This report shares the findings of a survey of 280 transgender people who are in state prisons across the United States. 11  By sharing their perspectives, in their own voices, this report provides a window into transgender people’s daily lives in prison and their recommendations for how policymakers and prison authorities can change rules and culture in positive ways. The insights here also show the real harms of incarceration and underscore the urgency of reducing the use of prison in the first place.

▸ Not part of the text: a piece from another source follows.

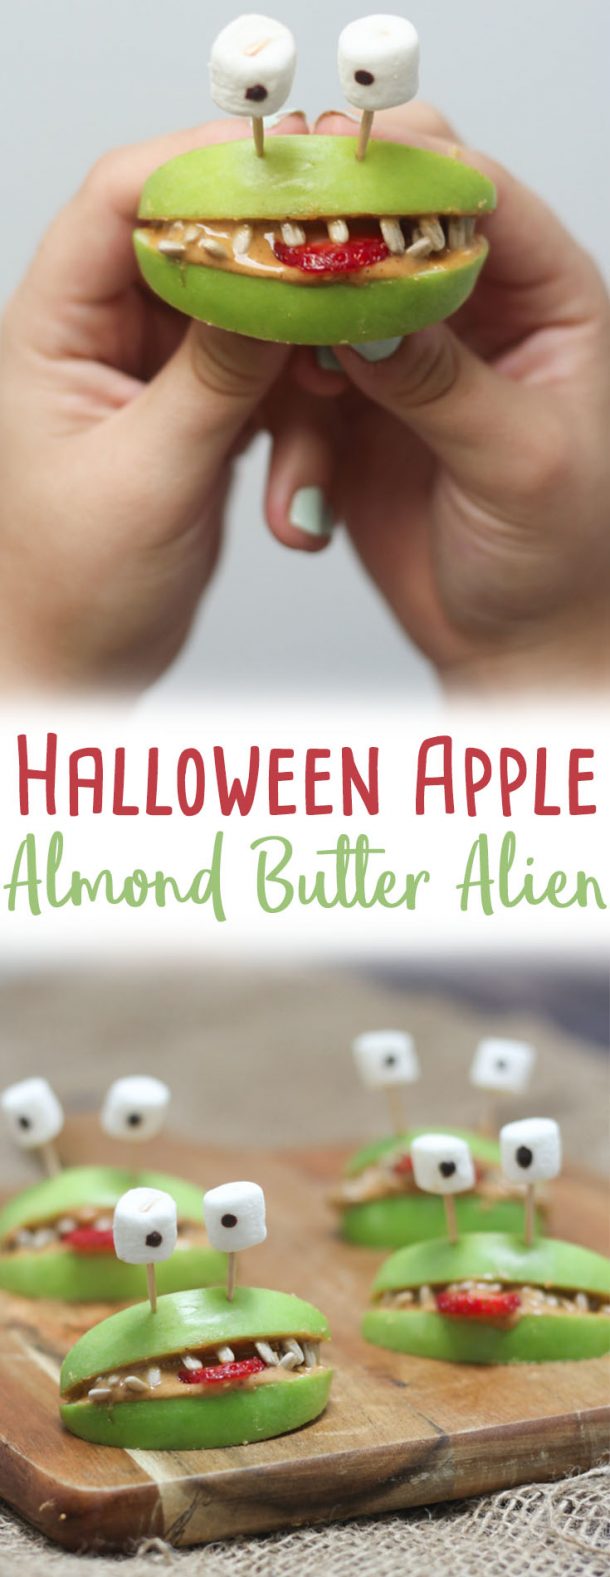 Halloween Apple and Almond Butter Alien Smiles | Gluten Free Healthy ...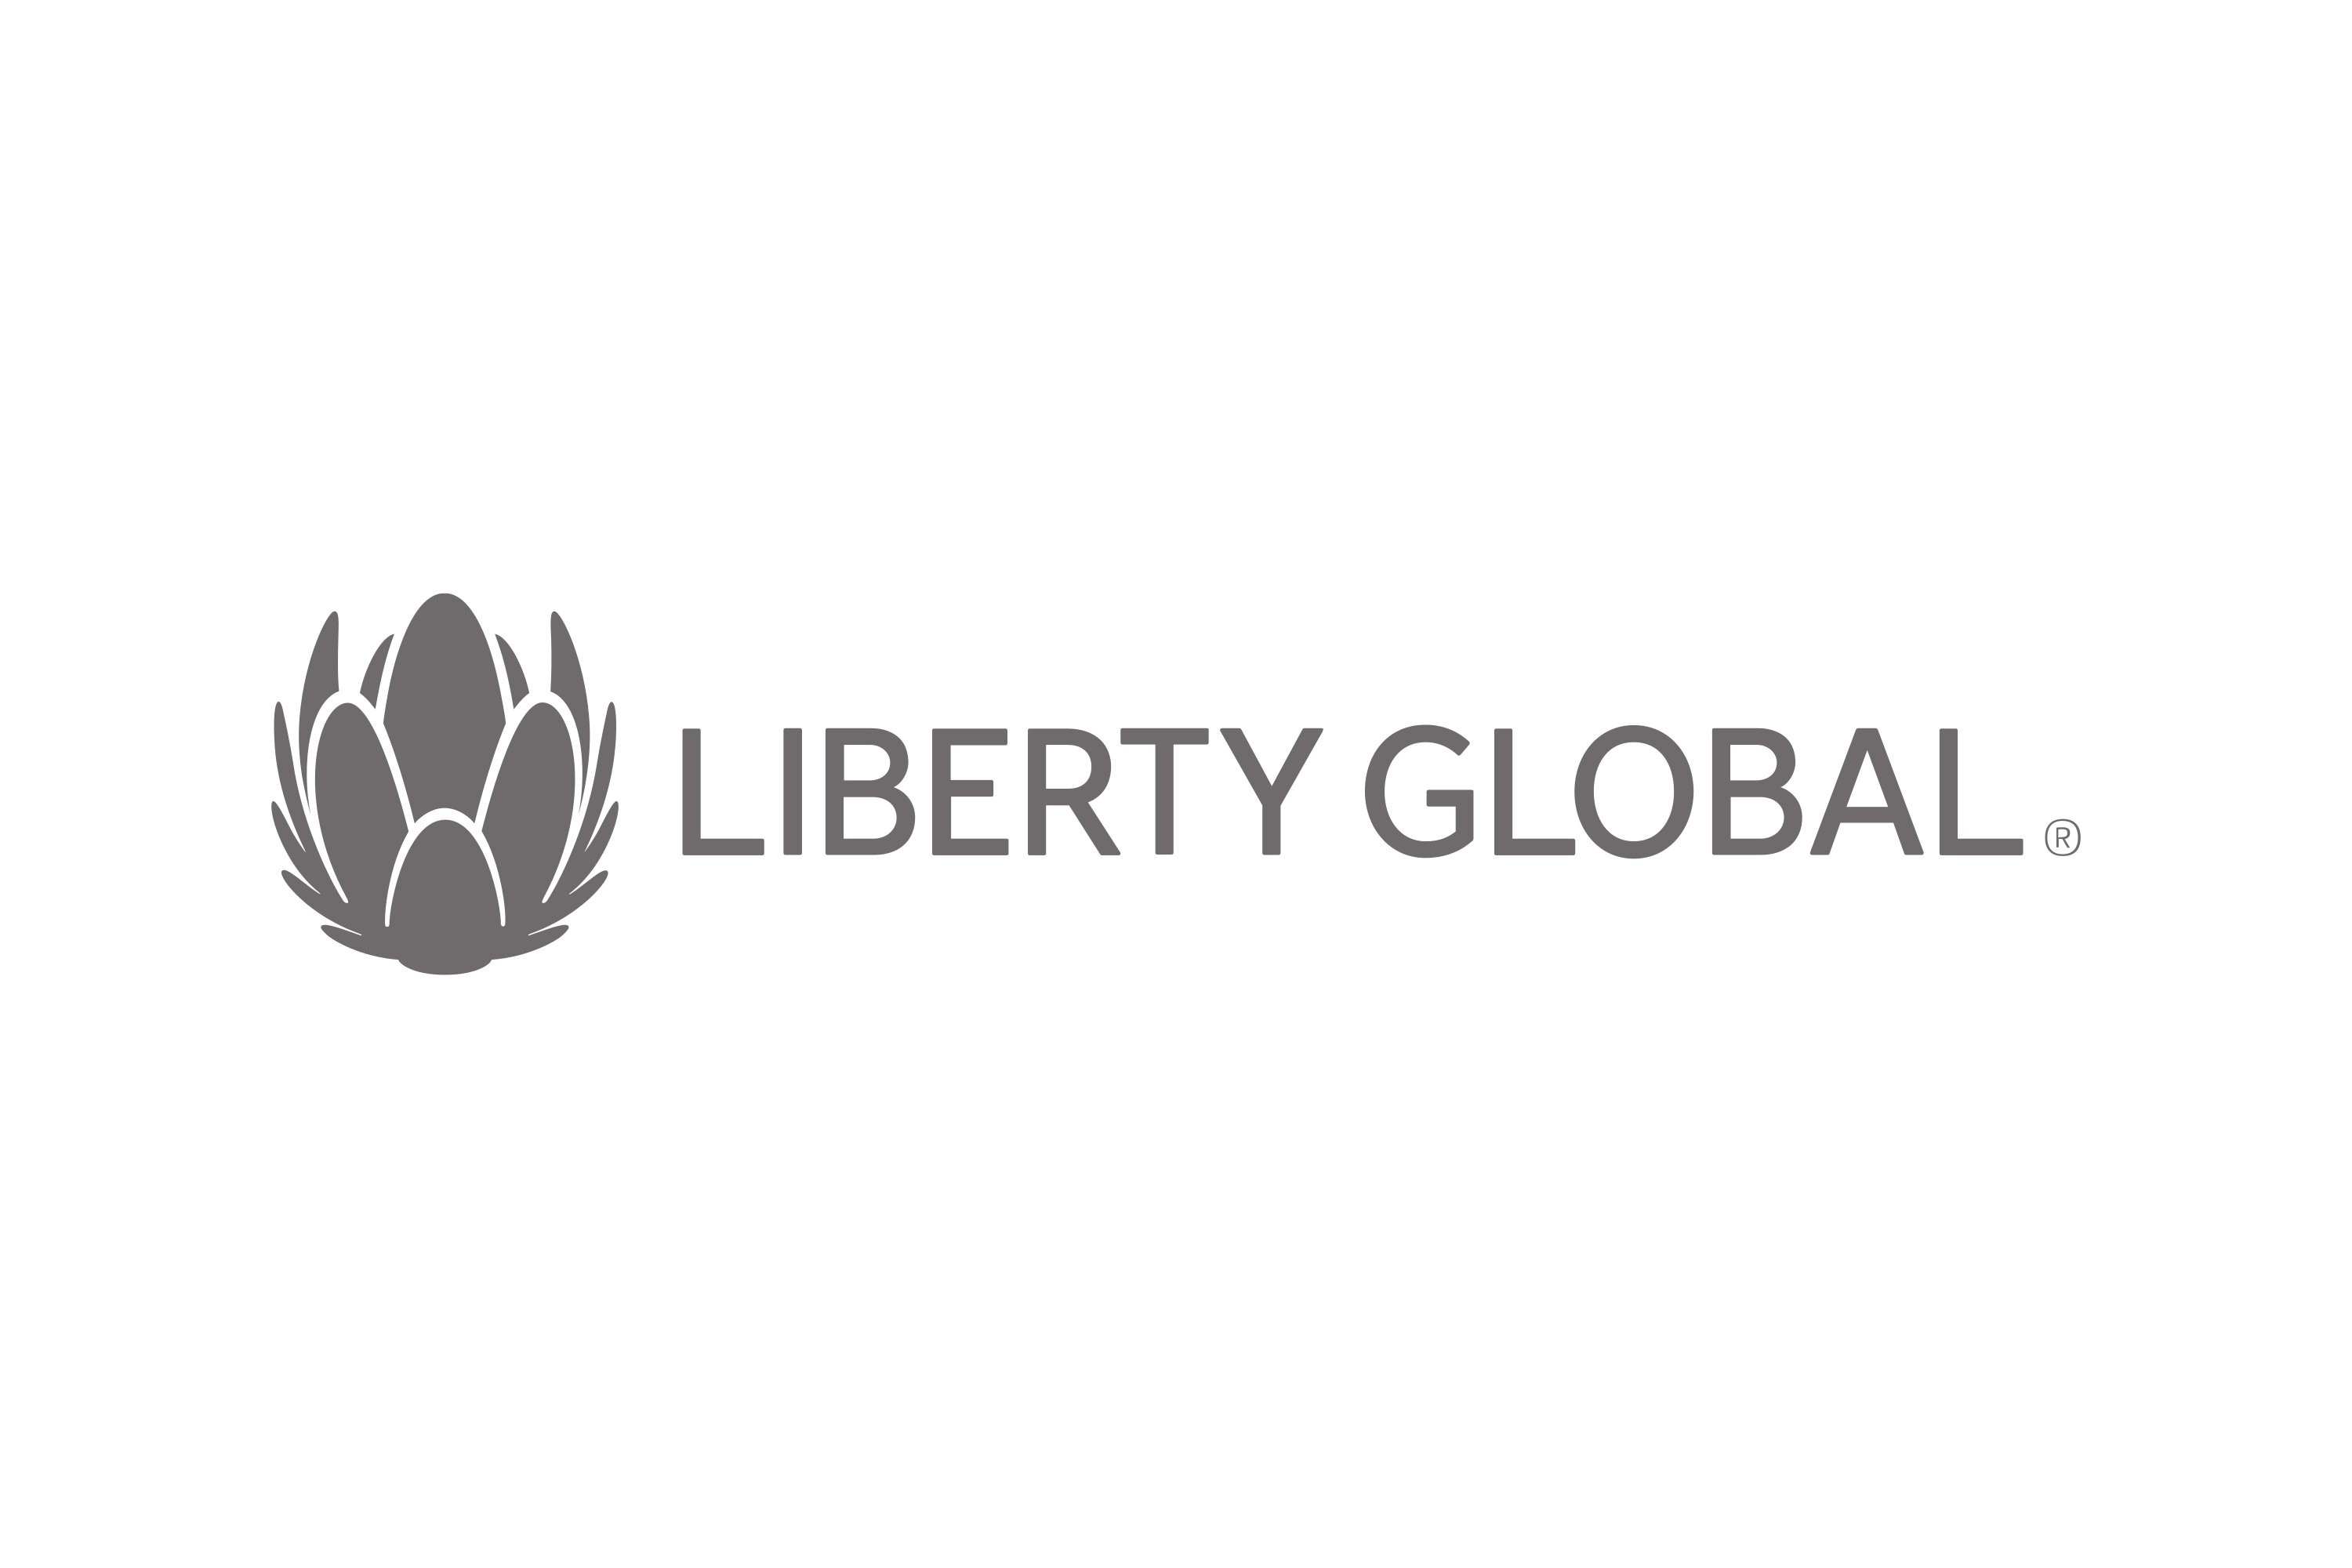 Liberty darknet market

Vera developed this project in close consultation with Black and Pink National, a nonprofit advocacy organization led by formerly incarcerated LGBTQ+ people, and Dr. Valerie Jenness, distinguished professor at the University of California, Irvine, who conducted research in California prisons that focused on transgender women who were incarcerated in men’s prisons.

This project builds on research into the experiences of incarcerated LGBTQ+ people generally, including a 2015 Black and Pink National survey and the 2023 report Protected and Served?, about the experiences of LGBTQ+ people and people living with HIV within the criminal legal system, which Black and Pink National co-authored with Lambda Legal, among others. 12  The present project focuses solely on transgender people who are in prison and covers a broader range of topics about people’s trajectories in the criminal legal system, their incarceration experiences, and their views on prison policies.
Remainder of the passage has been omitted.